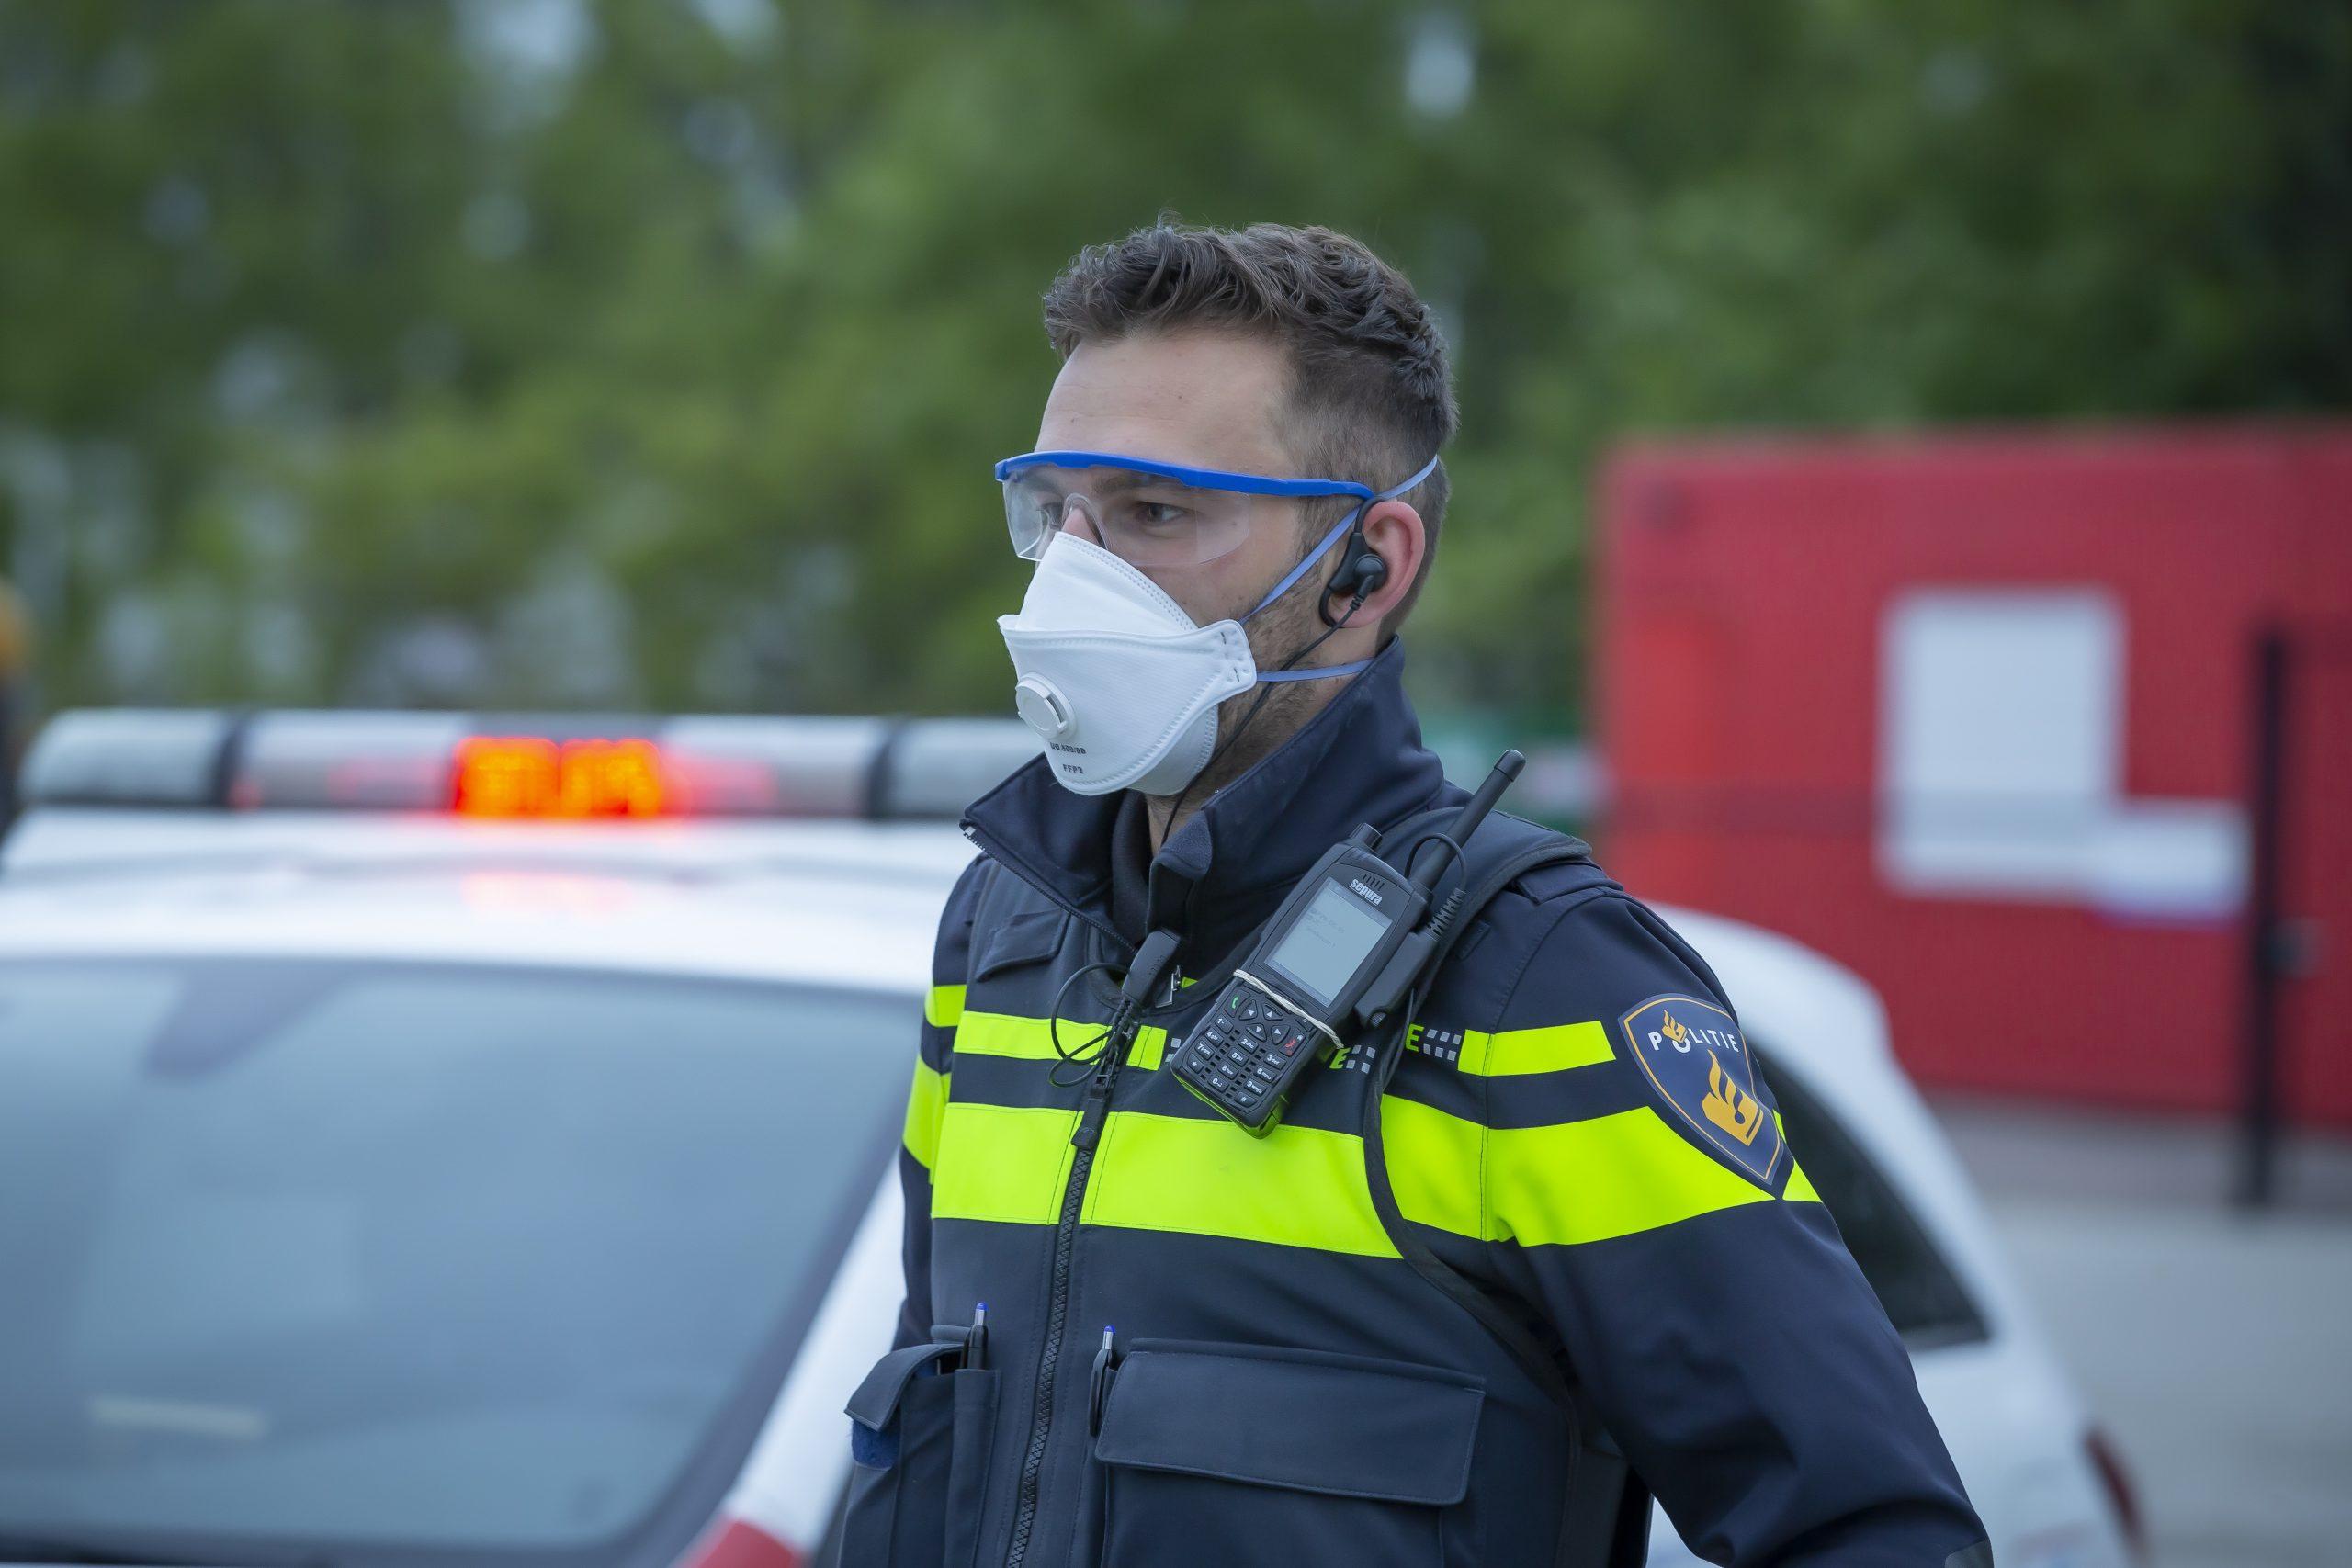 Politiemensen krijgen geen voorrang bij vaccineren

--

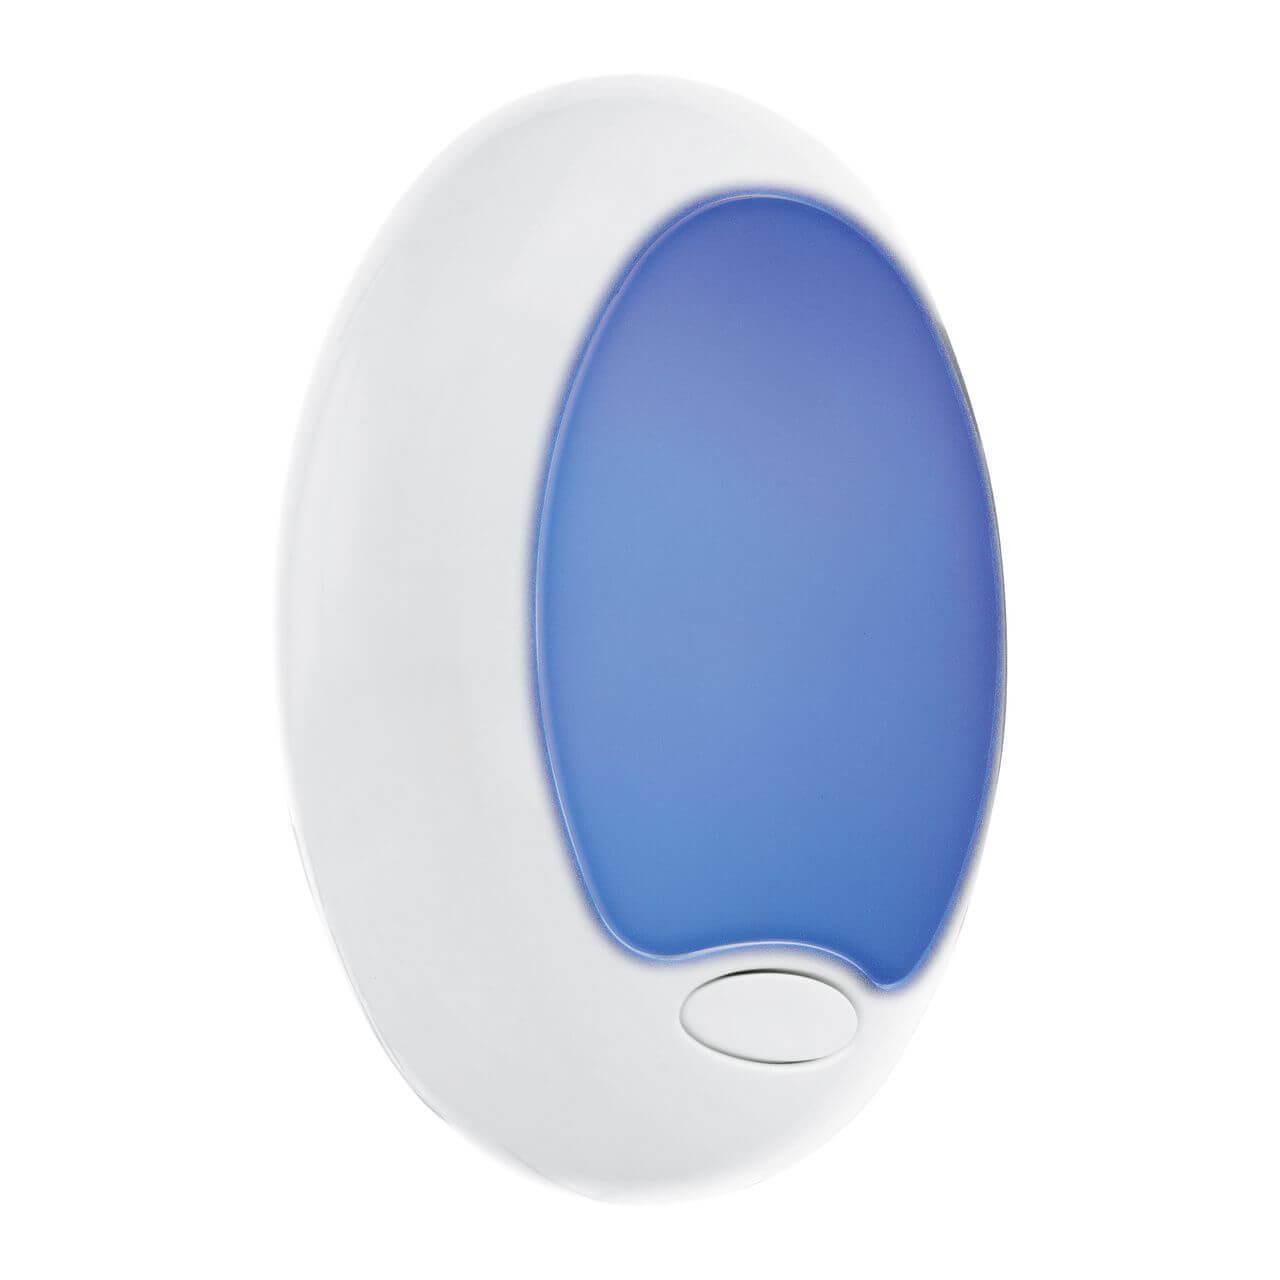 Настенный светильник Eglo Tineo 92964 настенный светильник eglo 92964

==

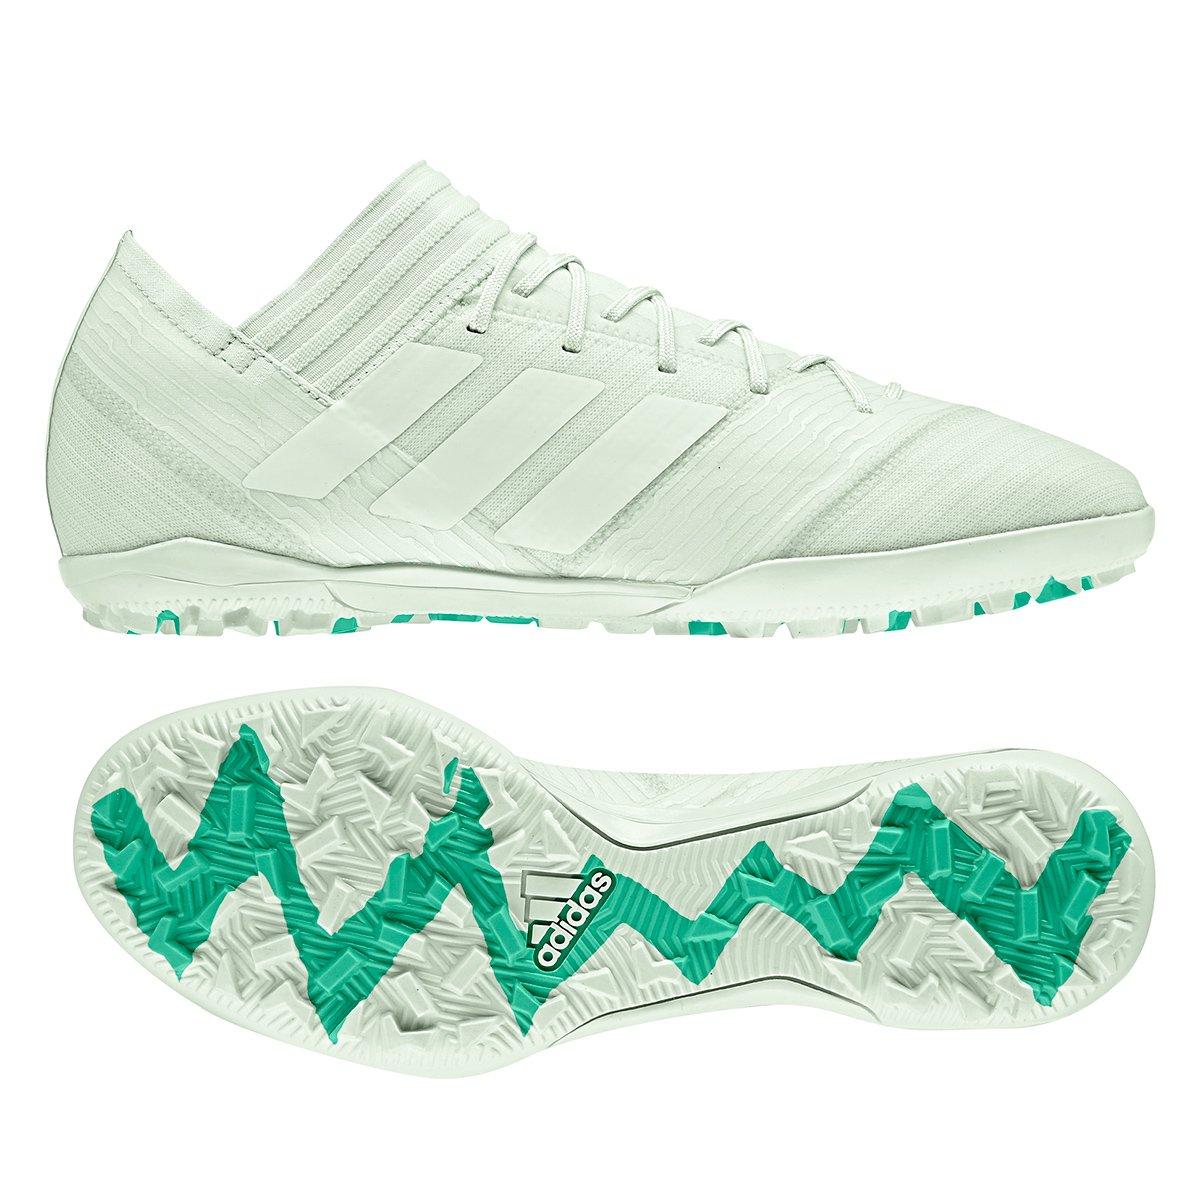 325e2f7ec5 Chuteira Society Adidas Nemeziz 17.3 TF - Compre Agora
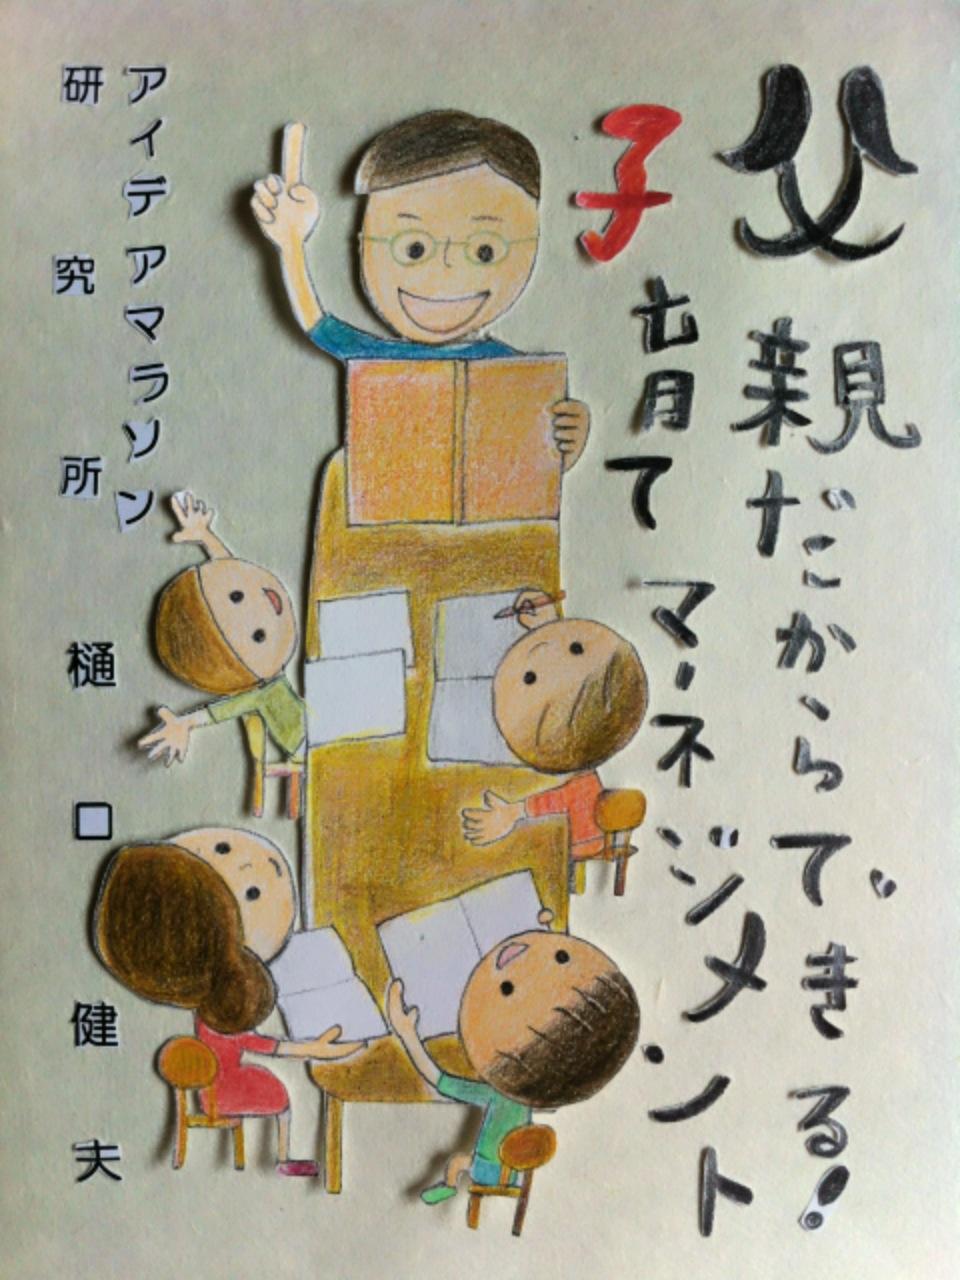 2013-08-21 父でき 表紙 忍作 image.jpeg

## TASK BRIEF
In the material above, one part opens with the line containing "325e2f7ec5 Chuteira Society" and closes with the line containing "2013-08-21 父でき 表紙 忍作 image.jpeg". Write out that part exactly and skip its pictures.

## TASK OUTPUT
 325e2f7ec5 Chuteira Society Adidas Nemeziz 17.3 TF - Compre Agora
 2013-08-21 父でき 表紙 忍作 image.jpeg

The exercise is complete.